No, the fact that this can be done in a library and looks like a native language...

simias · on May 8, 2021

Operator overloading is a mixed blessing though, it can be very convenient but it's also very good at obfuscating what's going on.

For instance I'm not familiar with this boost library so I'd have a lot of trouble piecing out what your snippet does, especially since there's no explicit function call besides the printf.

Personally if we're going the OOP route I'd much prefer something like Rust's `var.to_be()`, `var.to_le` etc... At least it's very explicit.

My hot take is that operator overloading should only ever be used for mathematical operators (multiplying vectors etc...), everything else is almost invariably a bad idea.

pwdisswordfish8 · on May 8, 2021

Ironically, it was proposed not so long ago to deprecate to_be/to_le in favour of to_be_bytes/to_le_bytes, since the former conflate abstract values with bit representations.

nly · on May 8, 2021

That's fine if whatever type 'var' happens to be is NOT usable as an arithmetic type, otherwise you can easily just forget to call .to_le() or .to_native(), or whatever, and end up with a bug.

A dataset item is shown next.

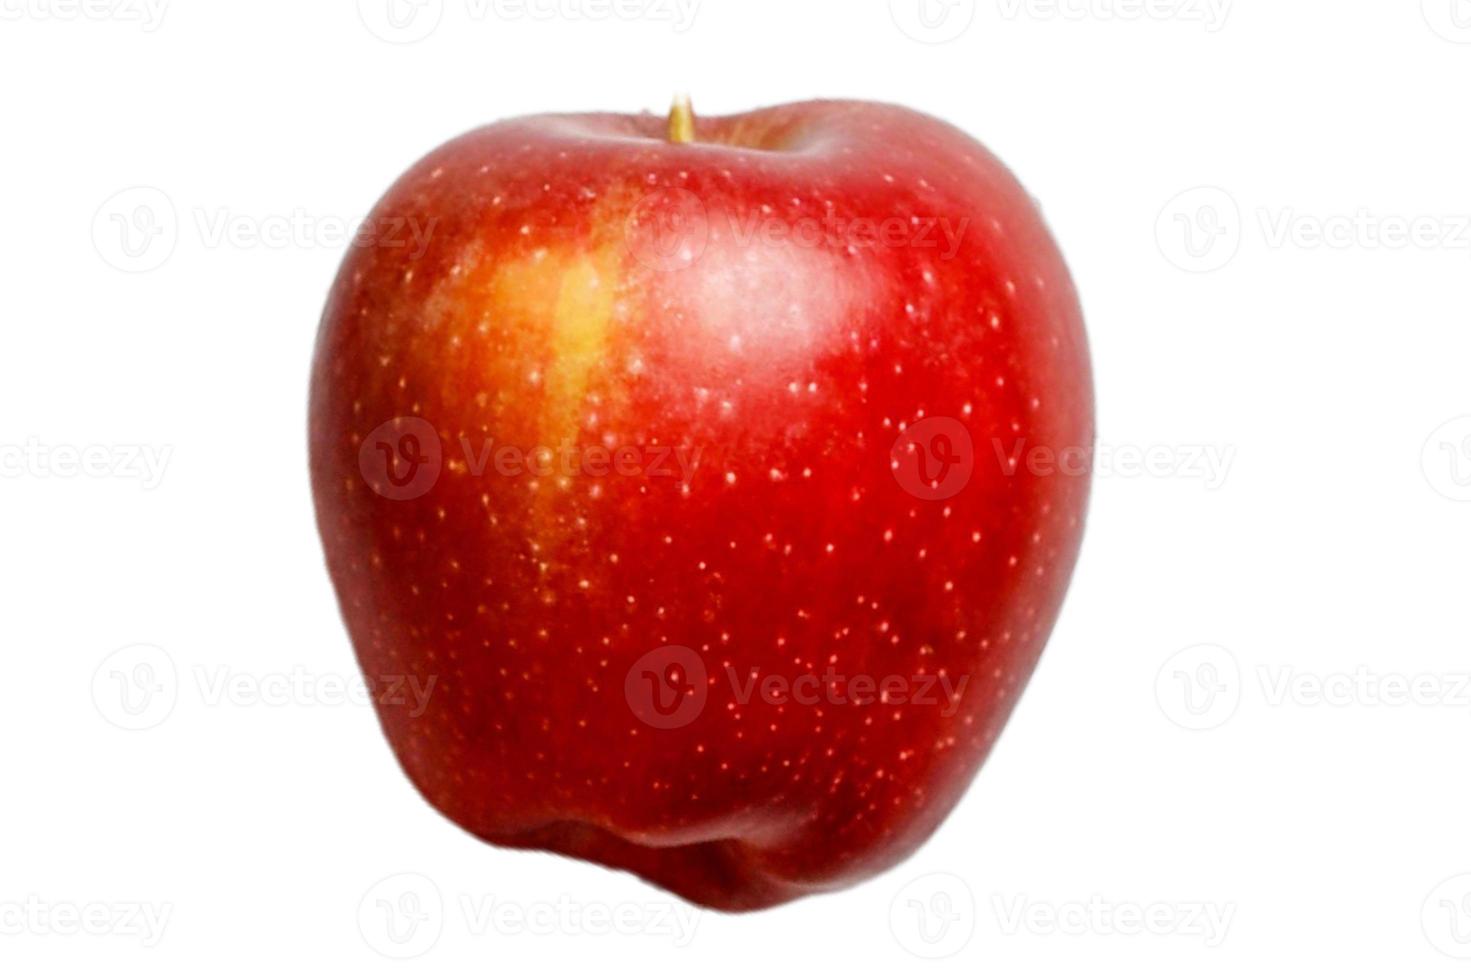 3297 röd äpple frukt isolerat på en transparent bakgrund foto
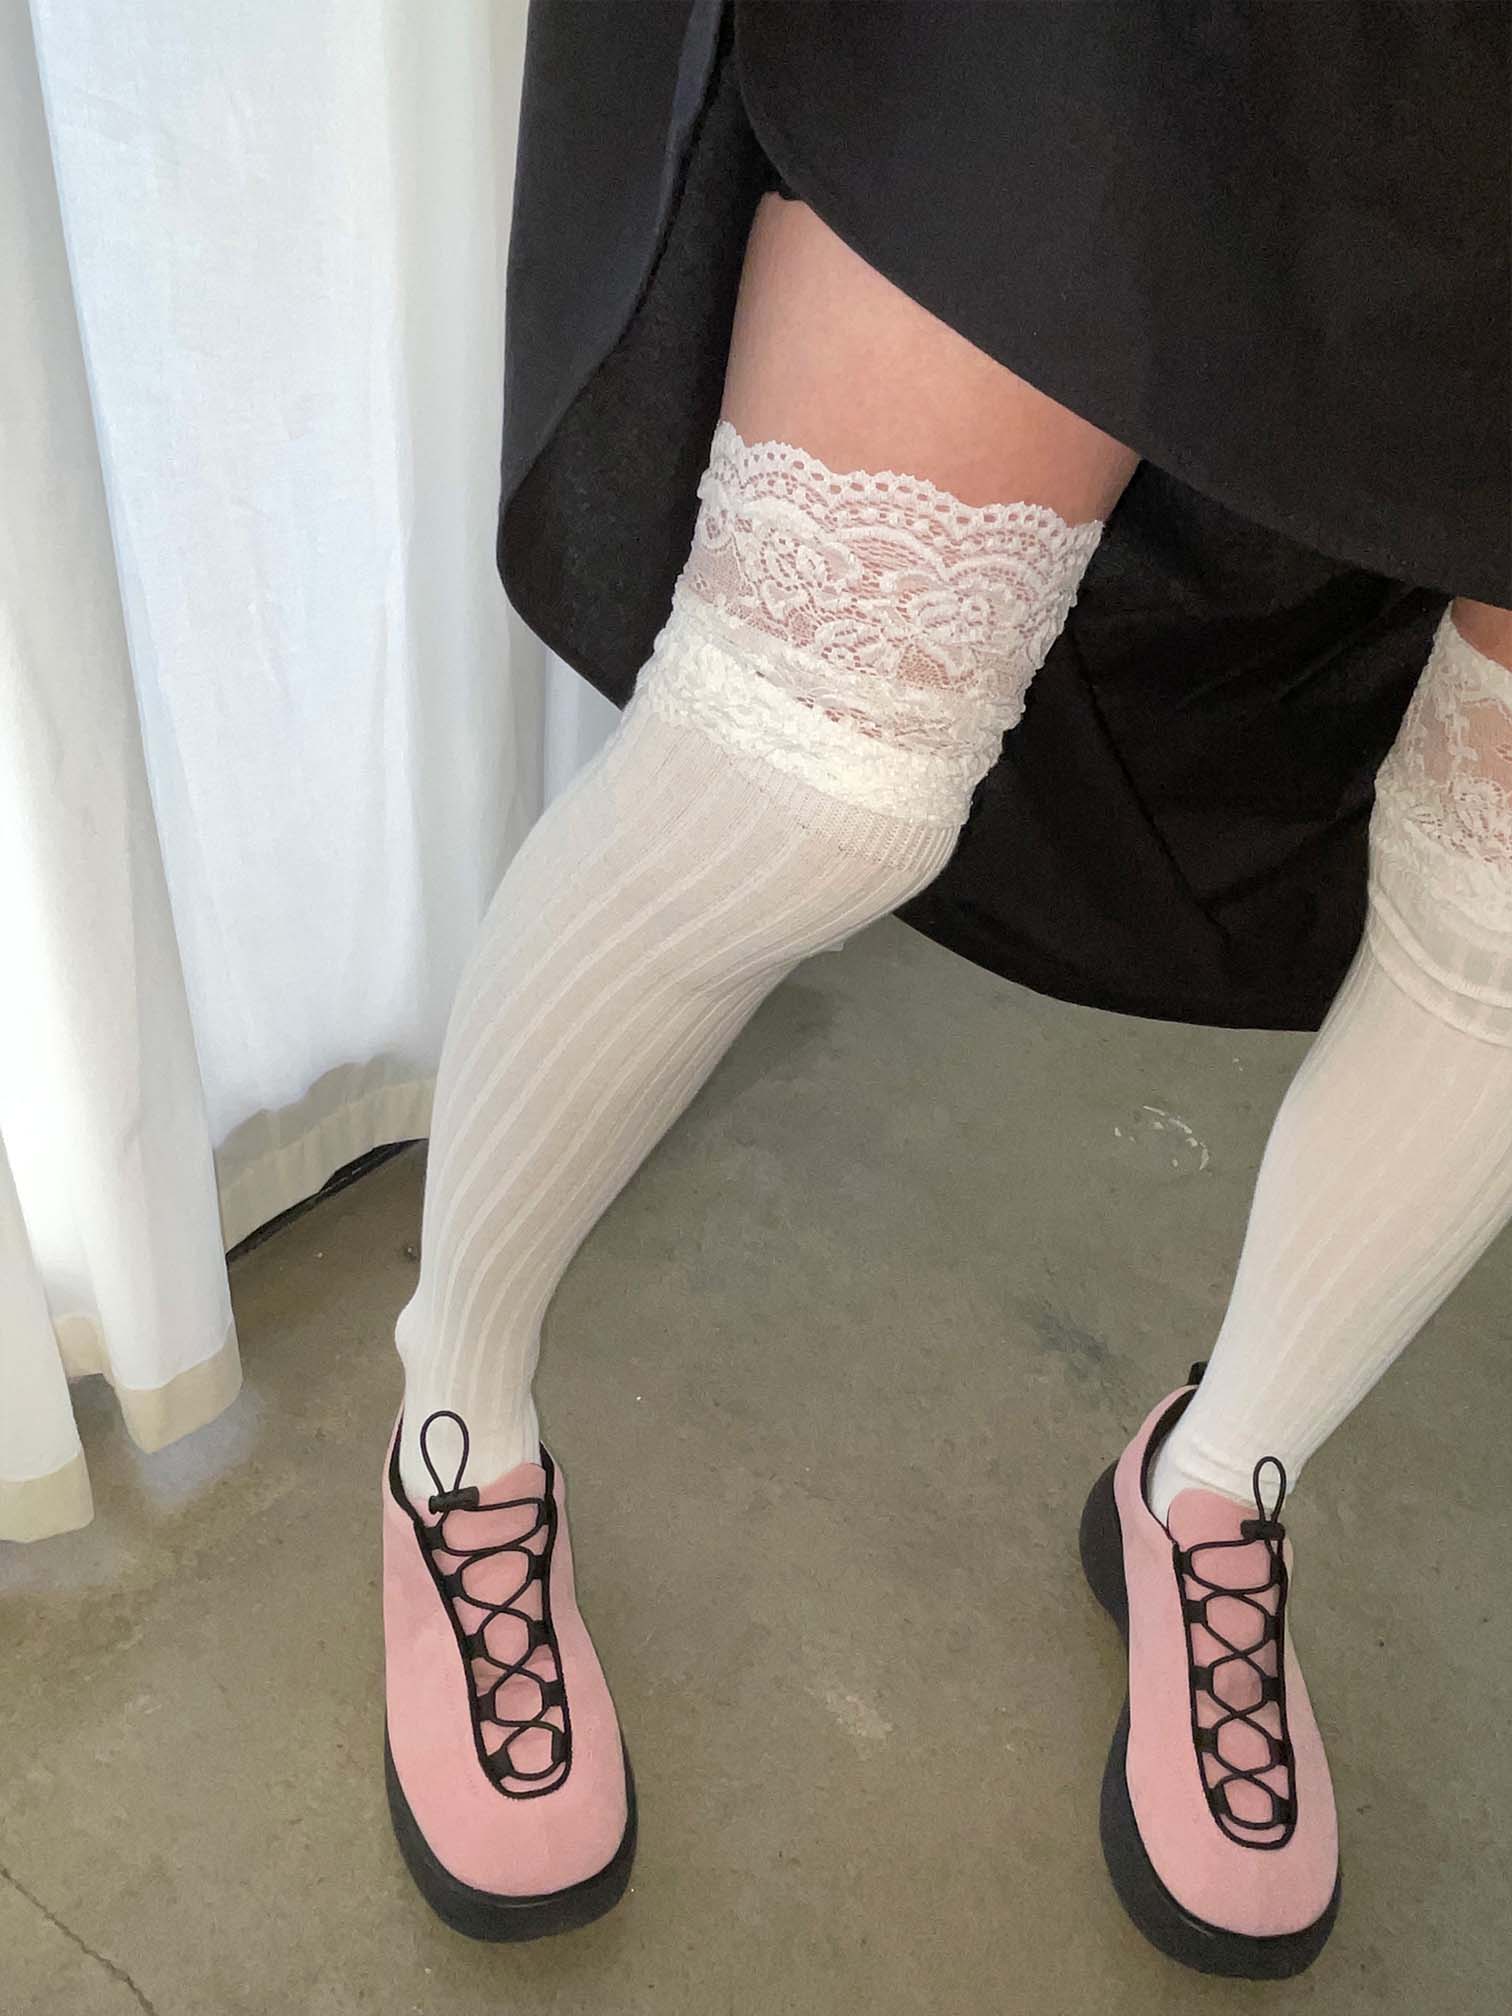 floret lace long socks

I don't know Rust, so don't know if this is the case?

Boost.Endian actually lets you pick between arithmetic and buffer types.

'big_uint32_buf_t' is a buffer type that requires you to call .value() or do a conversion to an integral type. It does not support arithmetic operations.

'big_uint32_t' is an arithmetic type, and supports all the arithmetic operators.

There are also variants of both endian suffixed '_at' for when you know you have aligned access.

raphlinus · on May 8, 2021

The idiomatic way to do this in Rust is to use functions like .to_le_bytes(), so you have the u32 (or whatever) on one end and raw bytes (something like [u8; 4]) on the other. It can get slightly tedious if you're doing it by hand, but it's impossible to accidentally forget. If you're doing this kind of thing at scale, like dealing with TrueType fonts (another bastion of big-endian), it's common to reach for derive macros, which automate a great deal of the tedium.

nly · on May 8, 2021

Who decides what methods to add to the bytes type/abstraction?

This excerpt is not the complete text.